A model rocket blasts off from the ground, rising straight upward with a constant acceleration that has a magnitude of 86.9 m/s2 for 1.69 seconds, at which point its fuel abruptly runs out. Air resistance has no effect on its flight. What maximum altitude (above the ground) will the rocket reach?

about 15 meters?

To find the maximum altitude reached by the rocket, we can use the equations of motion for uniformly accelerated motion.
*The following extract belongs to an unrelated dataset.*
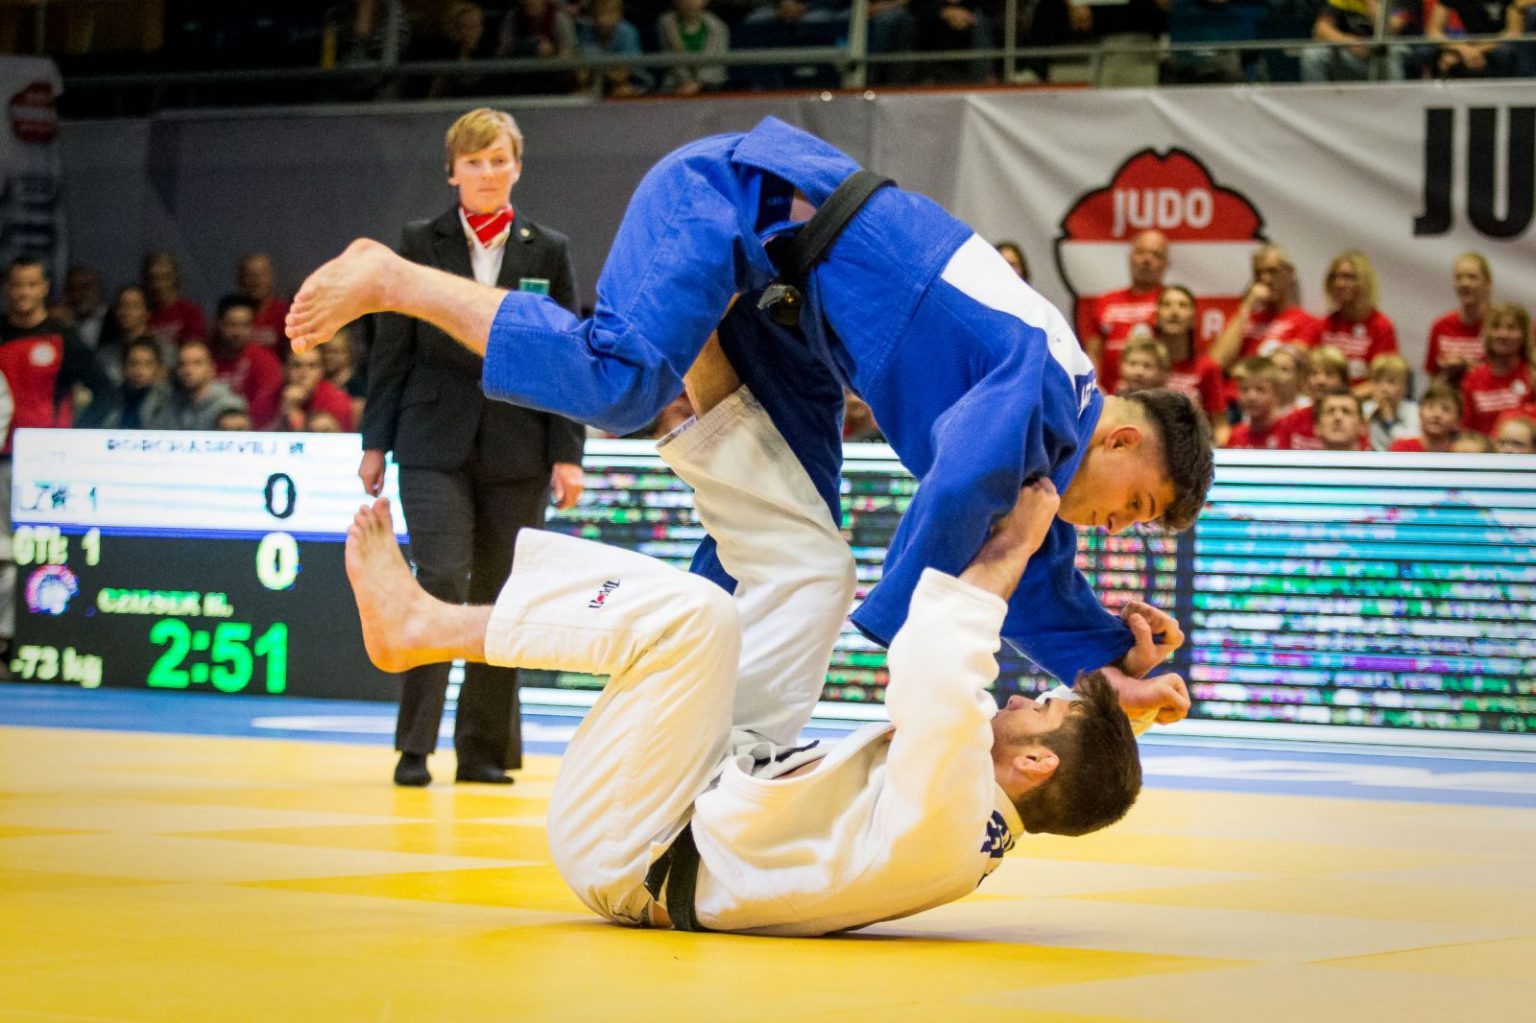 Judo-Bundesliga wird abgesagt!

First, we need to determine the velocity of the rocket when its fuel runs out. We can use the equation:

v = u + at

Where:
v is the final velocity (unknown)
u is the initial velocity (0 m/s, since the rocket starts from rest)
a is the acceleration (86.9 m/s^2)
t is the time (1.69 seconds)

Substituting the given values into the equation:

v = 0 + (86.9 m/s^2)(1.69 s)
v = 146.761 m/s

Now, we can use this final velocity to find the maximum altitude. We can use the equation:

s = ut + (1/2)at^2

Where:
s is the distance traveled in the given direction (unknown, maximum altitude in this case)
u is the initial velocity (0 m/s, since the rocket starts from rest)
a is the acceleration (86.9 m/s^2)
t is the time (1.69 seconds)

Substituting the values into the equation:

s = (0 m/s)(1.69 s) + (1/2)(86.9 m/s^2)(1.69 s)^2
s = 0 + (1/2)(86.9 m/s^2)(2.8561 s^2)
s = 73.627 m

Therefore, the maximum altitude reached by the rocket is 73.627 meters above the ground.